一般来说,以事件时间为时间语义,如果一个时间流不按事件时间递增的顺序到达Flink作业中,则称此流数据为乱序(out-of-order)数据流。下面给出一个乱序数据流的示意图
现假设所有传感器的时间是同步的,那么传感器中监测到的事件数据,理论上的顺序为1、2、3、3、5、6、7、9.但经过网络传输后到达Flink作业时的顺序为2、3、1、7、3、5、9、6,不少事件时间次序颠倒,形成乱序。其中有两个时间戳为3的事件数据,有是不同可能Key的时间戳,也可能是传感器重发了两次3.因此,在真正的分布式环境中,要想保证完全的计算准确性是非常难得。
所以我下面介绍使用EventTime和Watermark机制来解决乱序数据问题,即Flink框架通过一种机制来延迟触发窗口计算,从而可以等待一段时间,让乱序得数据全部到达,然后再触发计算,从而输出正确得结果。
无迟到的乱序数据
下面给出一个无迟到得乱序数据,如下图。这里得无迟到表示经过EventTime和Watermark机制,乱序数据都落入正确得窗口中进行计算。

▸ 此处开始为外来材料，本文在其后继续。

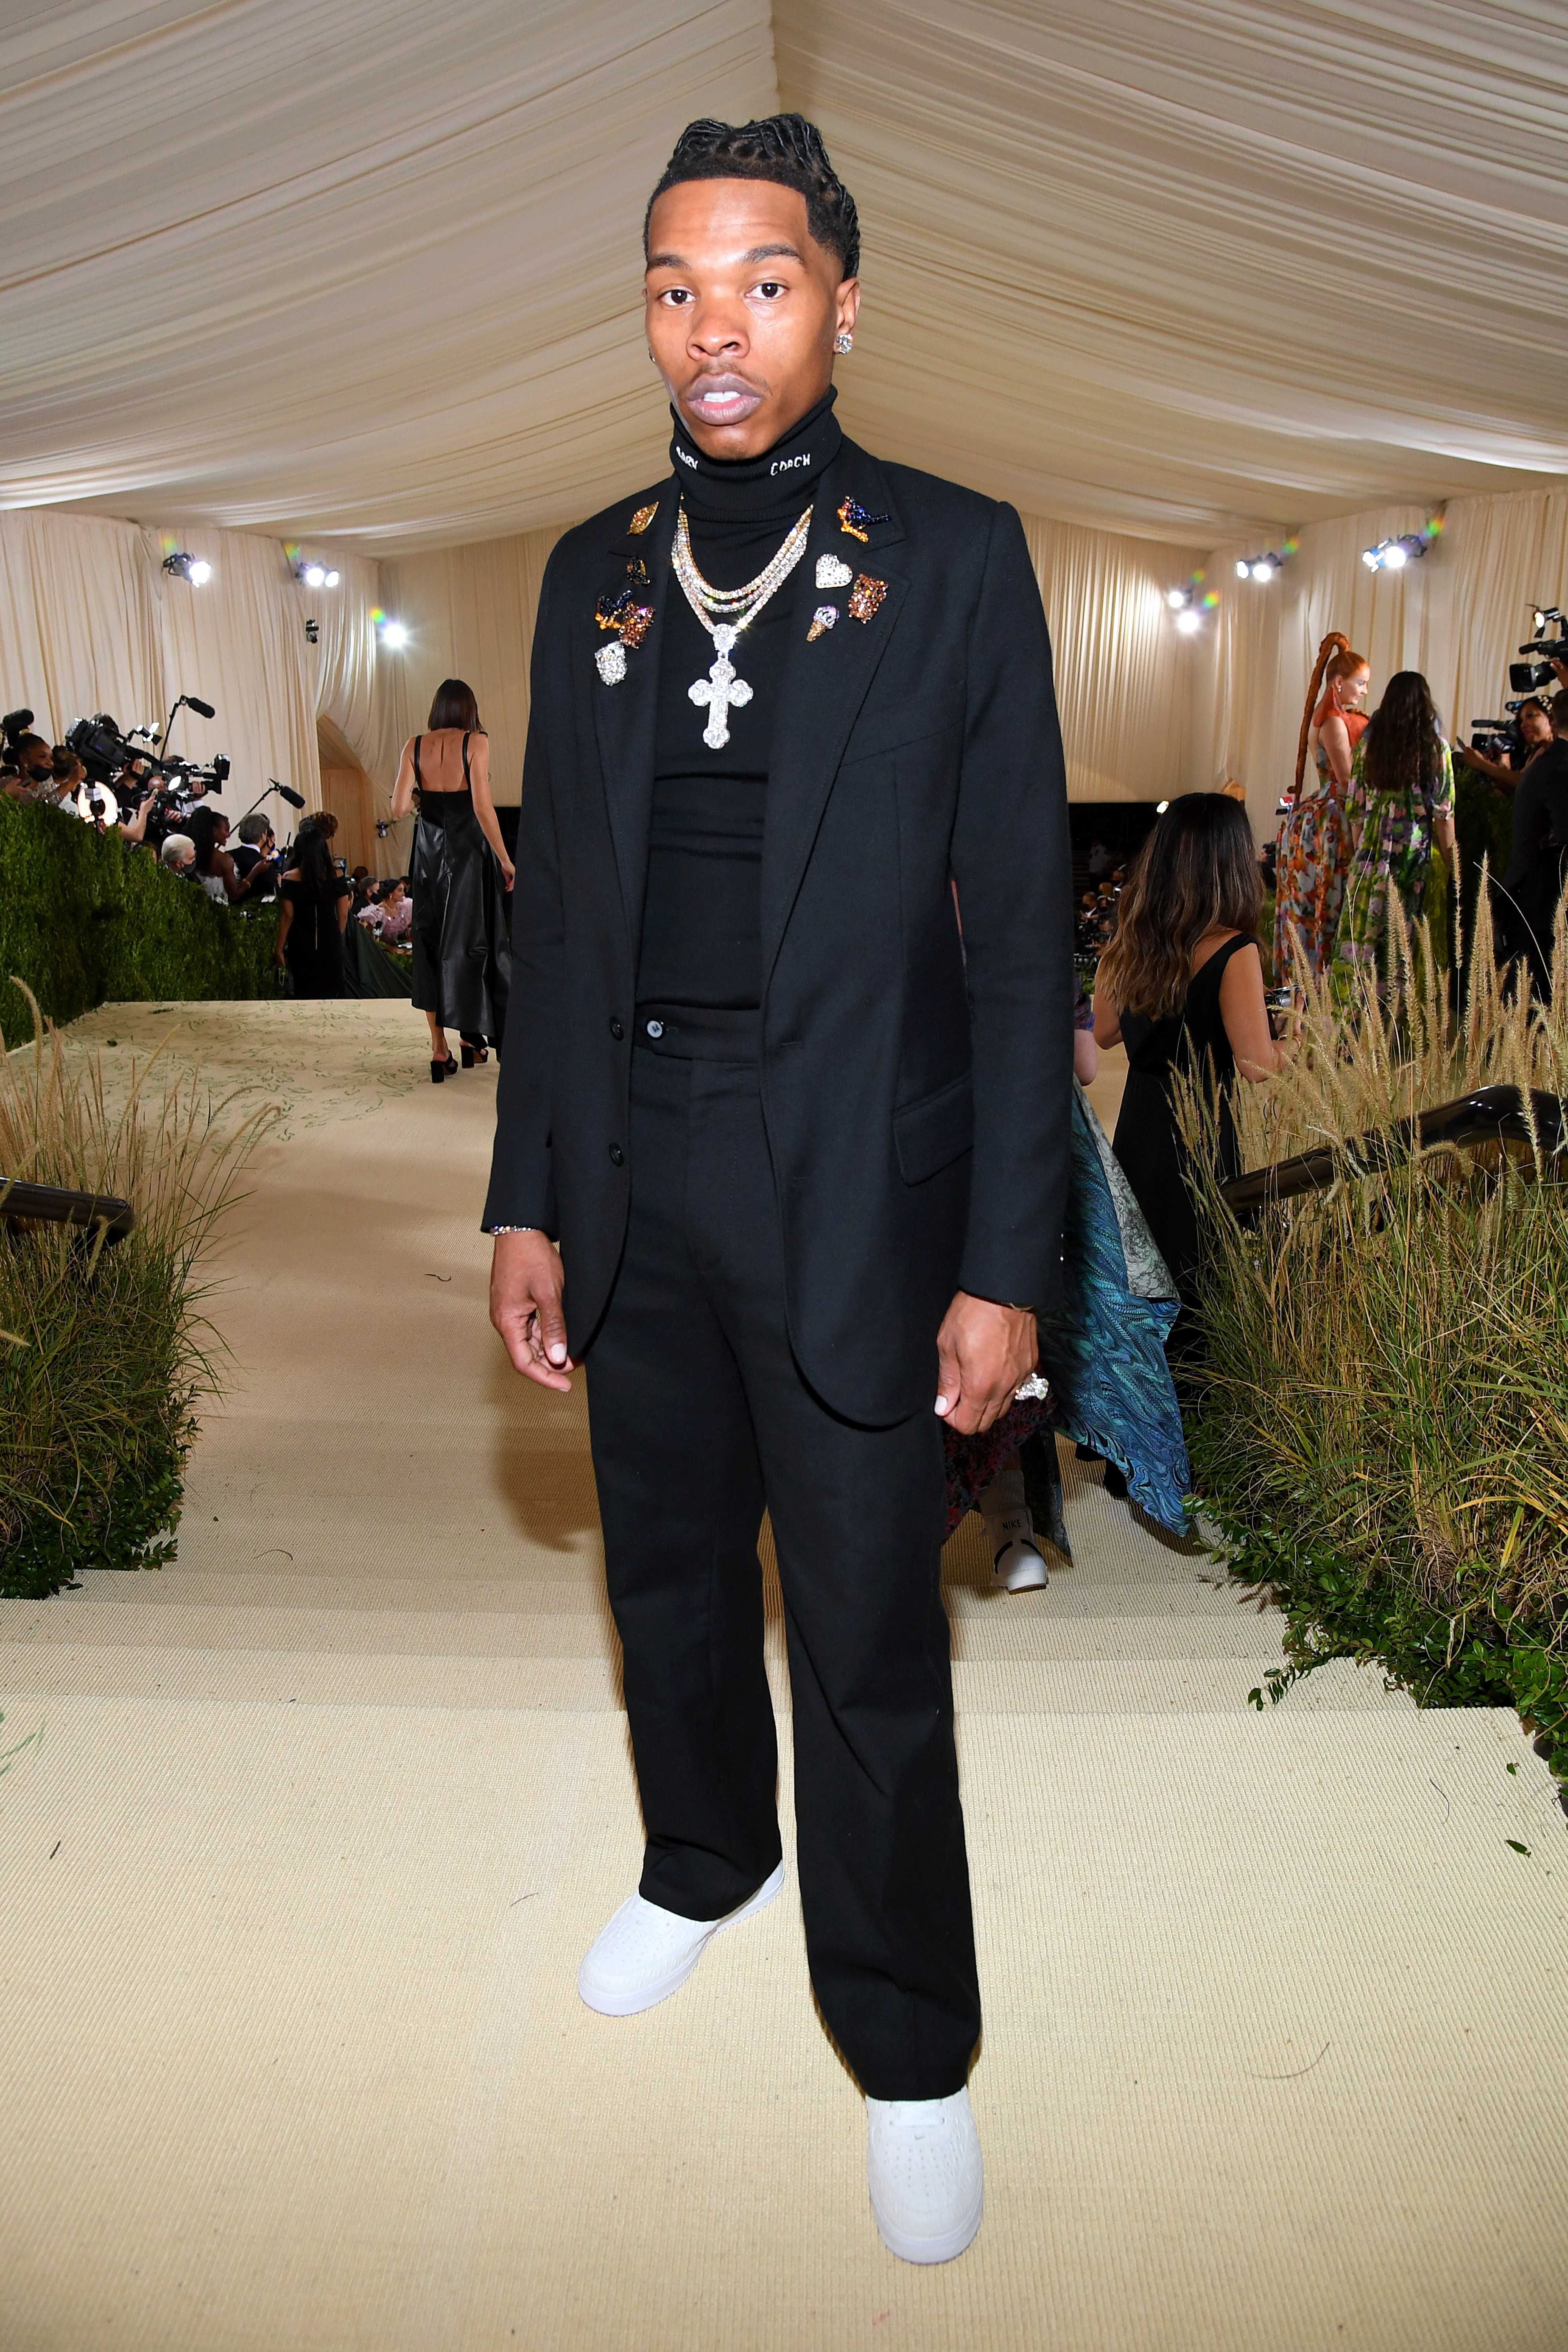 NEW YORK, NEW YORK - SEPTEMBER 13: Lil Baby attends The 2021 Met Gala Celebrating In America: A Lexicon Of Fashion at Metropolitan Museum of Art on September 13, 2021 in New York City. (Photo by Kevin Mazur/MG21/Getty Images For The Met Museum/Vogue) (Foto: Getty Images For The Met Museum/)

代码 EventTimeWatermark.java
package com.atguigu.apitest.watermark;
import com.atguigu.apitest.example.ClickEvent;
import org.apache.flink.api.common.eventtime.*;
import org.apache.flink.streaming.api.TimeCharacteristic;
import org.apache.flink.streaming.api.datastream.DataStreamSource;
import org.apache.flink.streaming.api.datastream.SingleOutputStreamOperator;
import org.apache.flink.streaming.api.environment.StreamExecutionEnvironment;
import org.apache.flink.streaming.api.windowing.assigners.TumblingEventTimeWindows;
import org.apache.flink.streaming.api.windowing.time.Time;
/**
* @author zhanganjie
* @version 1.0
* @description: TODO 解决无迟到的乱序数据
* @date 2021/12/23 18:57
*/
public class EventTimeWatermark {
public static void main(String[] args) throws Exception {
//创建流处理环境
StreamExecutionEnvironment env = StreamExecutionEnvironment.getExecutionEnvironment();
//设置EventTime语义
env.setStreamTimeCharacteristic(TimeCharacteristic.EventTime);
//设置周期生成Watermark间隔(3秒)
env.getConfig().setAutoWatermarkInterval(1000*3L);
//并行度
env.setParallelism(1);
//演示数据
DataStreamSource<ClickEvent> mySource = env.fromElements(
new ClickEvent("user1", 2L, 2),
new ClickEvent("user1", 3L, 3),
new ClickEvent("user1", 1L, 1),
new ClickEvent("user1", 7L, 7),
new ClickEvent("user1", 3L, 3),
new ClickEvent("user1", 5L, 5),
new ClickEvent("user1", 9L, 9),
new ClickEvent("user1", 6L, 6),
new ClickEvent("user1", 12L, 12),
new ClickEvent("user1", 17L, 17),
new ClickEvent("user1", 10L, 10),
new ClickEvent("user1", 16L, 16),
new ClickEvent("user1", 19L, 19),
new ClickEvent("user1", 11L, 11),
new ClickEvent("user1", 18L, 18),
new ClickEvent("user1", 13L, 13),
new ClickEvent("user1", 20L, 20)
);
SingleOutputStreamOperator<ClickEvent> streamDS = mySource.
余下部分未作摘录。